Maybe a milder version that instead of changing the language (which
can be confusing for the same students....) pops up some dialog with a
nice message, and suggeting to switch the language to the "use the
language declared in the source". It can have an "ok" button to
switch the language for you, and with an "always do this" checkbox you
get the above functionality when requested. (And that would be very
convenient for many people who teach & hack, making switches easier.)
BTW₁, sounds like Neil is suggesting something similar when there is
no #lang too, going back to some language that you choose (or guess).
BTW₂, how about renaming the "use the language declared in the source"
or "Determine language from source" language as the "#lang" language?
IMO it would look better as a header in the language dialog and on the
status bar language indicator. The long name is a description, not a
name, so it fits better the explanation part in the dialog.
> On Wed, Mar 21, 2012 at 10:47 AM, Neil Van Dyke <neil at neilvandyke.org> wrote:
> > How about a change to the purpose of the Languages control?
> >
> > Currently, I think of the control *selecting how to determine* which
> > language to use.
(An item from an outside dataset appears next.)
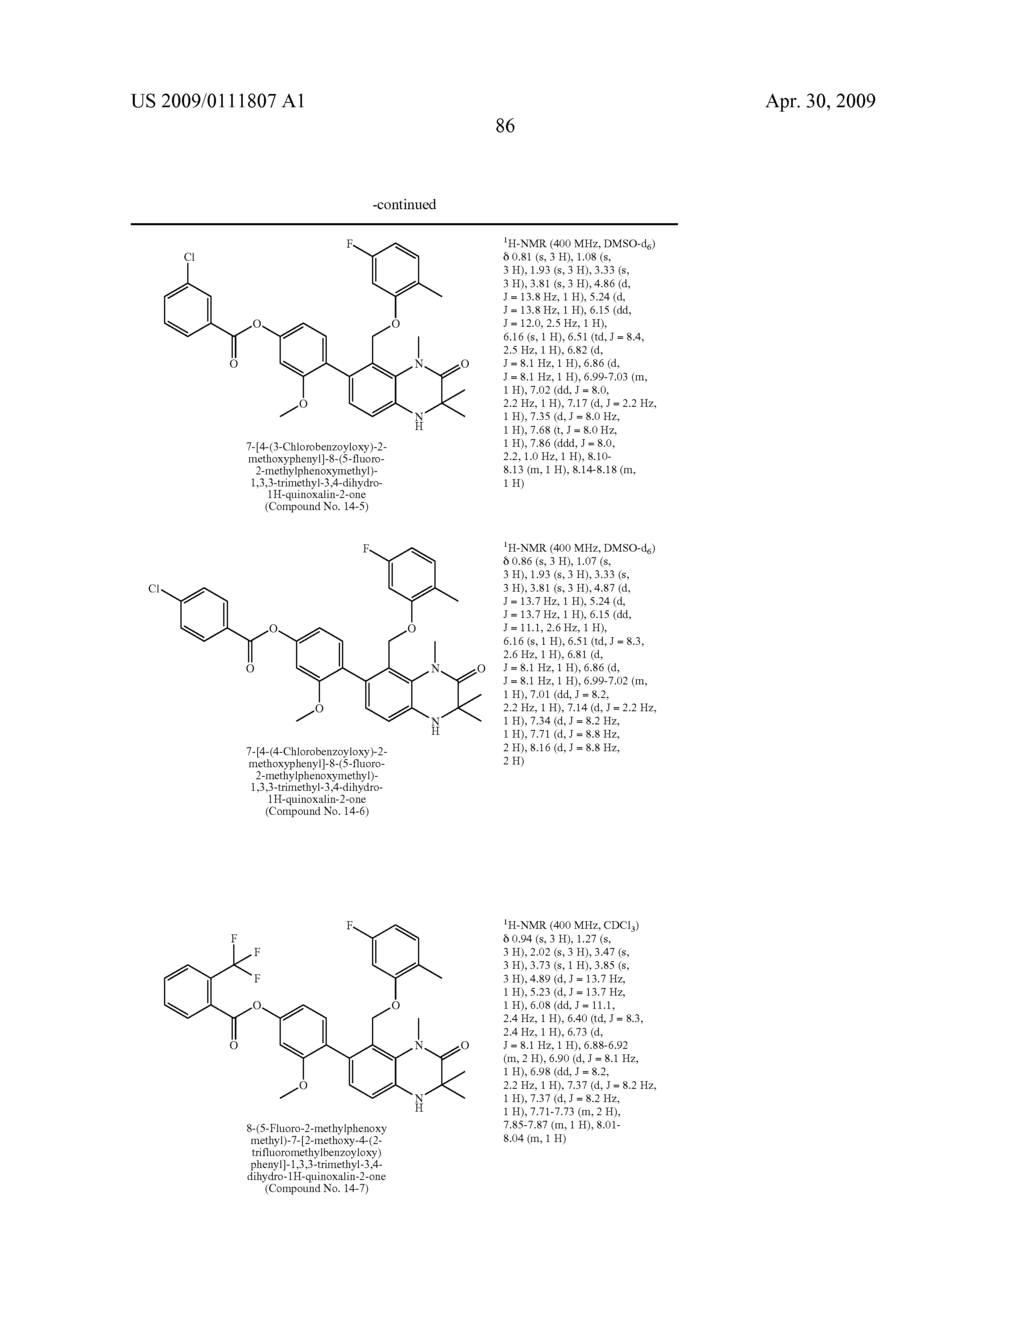 Novel 1,2,3,4-Tetrahydroquinoxaline Derivative Having Glucocorticoid Receptor Binding Activity - diagram, schematic, and image 87

Example settings "whatever #lang says", "Beginning
> > Student", etc.
> >
> > The control could be changed to *present the determination* (by #lang or by
> > some default), and only secondarily as a means to *change the determination*
> > (which might mean automatically changing the #lang in the file). The list
> > of override alternatives would be something like the languages that this
> > DrRacket instance knows about. There would not be a "whatever #lang says"
> > alternative, since that behavior is always the case.
> >
> > For determining the language when no #lang is present (such as when opening
> > a file without a #lang, or when creating a new file), the default could be a
> > preference setting, with alternatives like "Guess", "beginning-student",
> > "advanced-student", "racket", "racket/base"... and whatever other languages
> > this DrRacket knows. Default alternative would be "Guess", which I suspect
> > will work fine for most people.
> >
> > The "Guess" alternative in this preference could be some heuristics like
> > Emacs and the "file" command use (later on we could make these heuristics
> > extensible by packages that implement languages), and default to the last
> > #lang used. I suspect last-#lang-used would be fine, and any heuristics are
> > a bonus. (The heuristics might determine language of the file as distinct
> > from #lang languages, and for each file language, keep track of a
> > last-#lang-used. So, a heuristic might recognize Scheme as the file's
> > language, and then Guess would go and find what #lang the user last used for
> > a Scheme file. Again, last-#lang-used, with no heuristics, is fine 95%+ of
> > the time; heuristics are mostly for delighting the user with DrRacket's
> > cleverness the other 5% of the time.)
> >
> > Robby's suggestion of *always* requiring #lang is tempting, and I am close
> > to that, except that it would be nice to support languages that don't
> > syntactically permit #lang. For example, if we wanted to load up
> > JavaScript, XML, HTML, or Java files in DrRacket.